All quantification data were expressed as x̅±S (mean ±standard deviation). SNK-q test was used for statistical analysis of tumour growth rate, tumour MVD and AI. SPSS13.0 statistical software was used for all data analysis (SPSS).
In the saline control group, the tumours were obviously enlarged with a magenta colour. At late stage, the rats exhibited extremely poor status with sparse hair and thin epidermis. Tumours on these rats were not movable and ulcerations were noted on tumour surface showing white fish flesh-like tissues. Most rats died within 14 days after treatment. In the 32P-colloid or endostatin alone group, the animals were generally in good condition without abnormalities in hair and body colour, and presented with slow tumour growth rate and high mobility. Interestingly, the tumours in the 32P-colloid combined with endostatin group were unpalpable and flaky and significantly reduced in volume, and some tumours formed scabs and fell off at late stage.
The expression level of endostatin protein was detected by Western blot. The results revealed that the expression level of endostatin in the p-CMV-endostatin group (lane 3) was significantly up-regulated compared with those in the PBS (lane 1) and empty plasmid groups (lane 2), as illustrated in Figure 1.
The expression levels of endostatin mRNA among different groups were quantitatively measured by RT-PCR. The results revealed that the expression levels of endostatin mRNA in the endostatin gene (lane 3) and 32P+endostatin groups (lane 4) were significantly up-regulated compared with those in the control (lane 1) and 32P groups (lane 2), as shown in Figure 2.
Positive rate of VEGF
The results demonstrated that the positive rate of VEGF in the 32P group was (70.08±15.53)%, which was the highest among all groups, followed by (57.68±13.58)% in the control group, (35.46±12.45)% in the endostatin gene group and (18.60±8.62)% in the 32P+endostatin group, which was the lowest among four groups.
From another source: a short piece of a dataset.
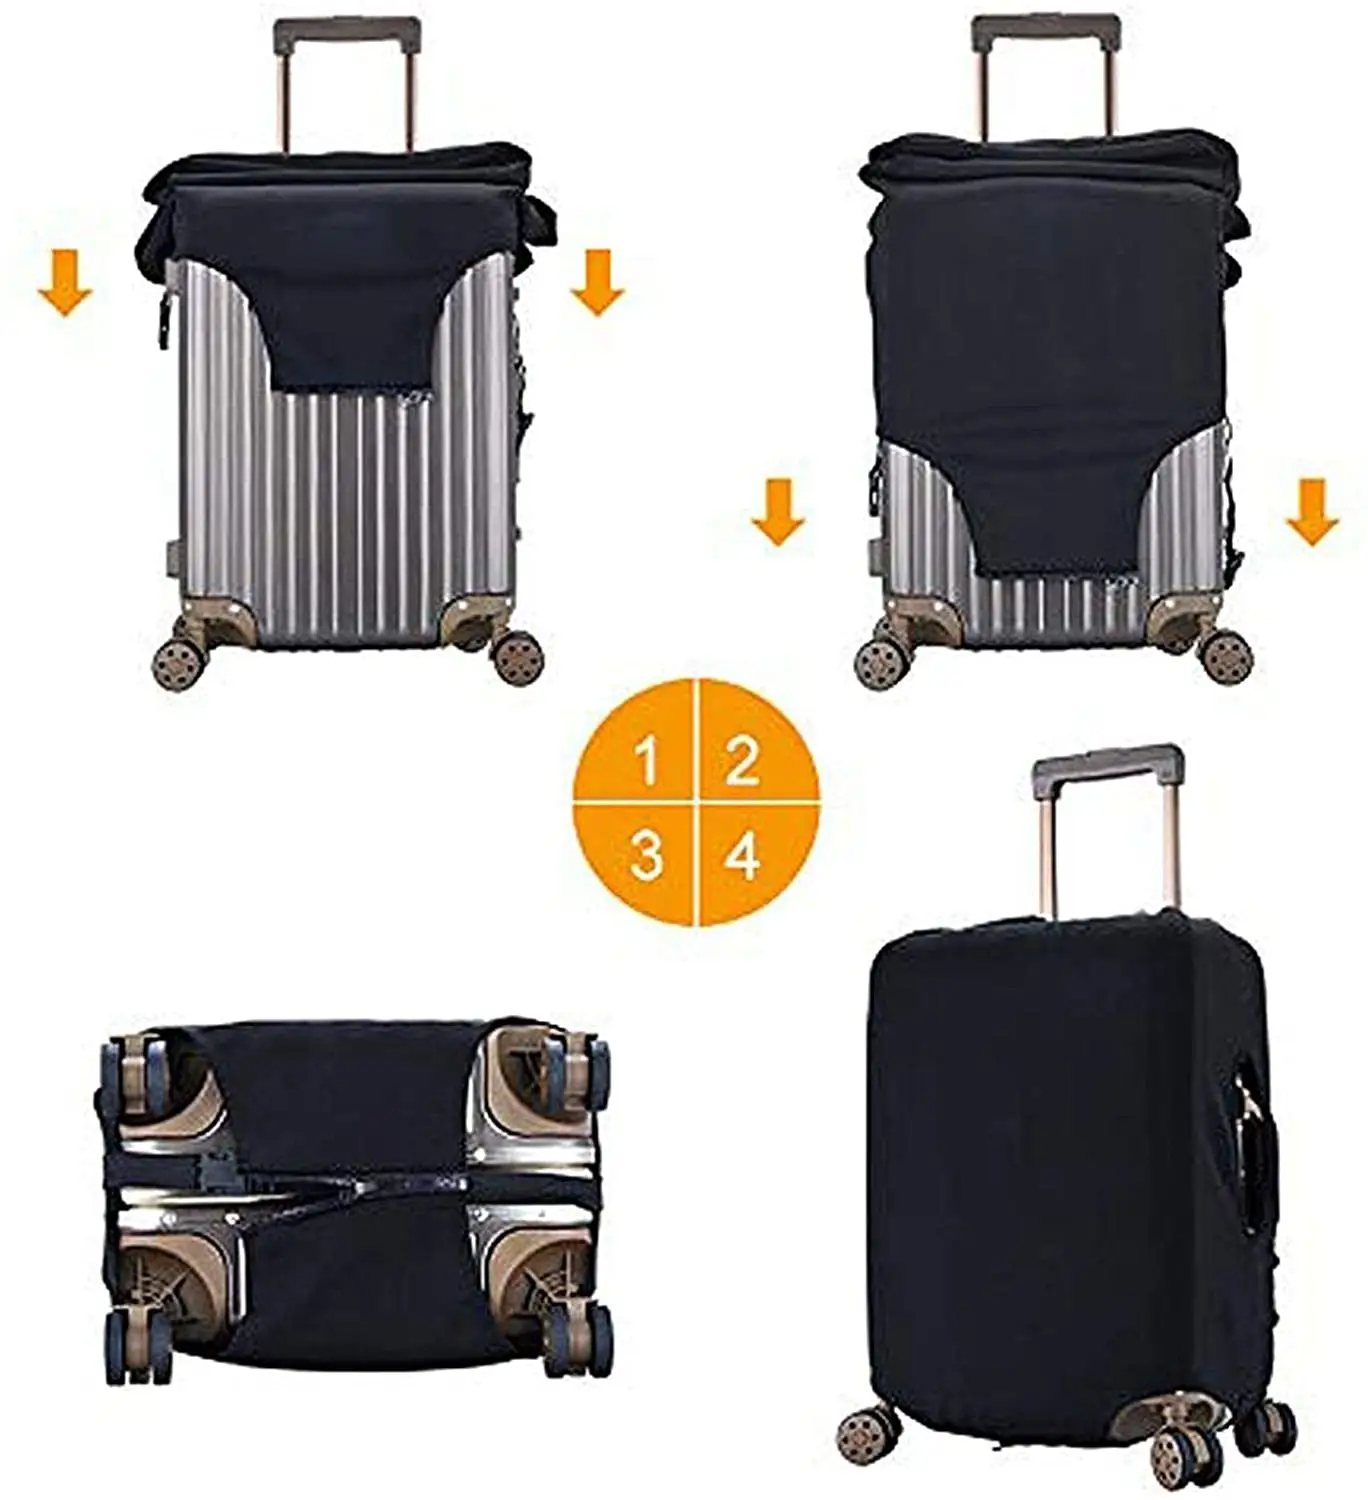 Yüksek kaliteli su geçirmez seyahat bavul koruyucu valiz kapak koruyucu bagaj kapağı toz geçirmez uyar

The results of VEGF positive rate were consistent with immunohistochemical staining findings (Figure 3). The tumour cells with positive VEGF were stained as yellow and brown. The quantity of the positive tumour cells in the 32P group was the largest among four groups.
Tumour growth measurements
The tumour growth rates at D7 and D14 after treatment were shown in Table 1. The tumour growth rates in all three treatment groups were significantly lower than that in the saline control group (P<0.001). There was no statistical significance in tumour growth rate between the 32P-colloid and endostatin gene groups (P>0.05). However, the tumours in the 32P-colloid combined with endostatin gene group grew at a slower rate compared with either 32P-colloid or endostatin gene group (P<0.01).
The tumour cells in the saline control group were closely arranged, exhibiting a few necrotic cells and a large quantity of neoplastic cells. Obvious necrosis and only few neoplastic cells were seen in the 32P-colloid and endostatin gene groups, whereas extensive necrosis and loosely arranged tumour cells were observed in the 32P-colloid combined with endostatin gene group (Figure 4).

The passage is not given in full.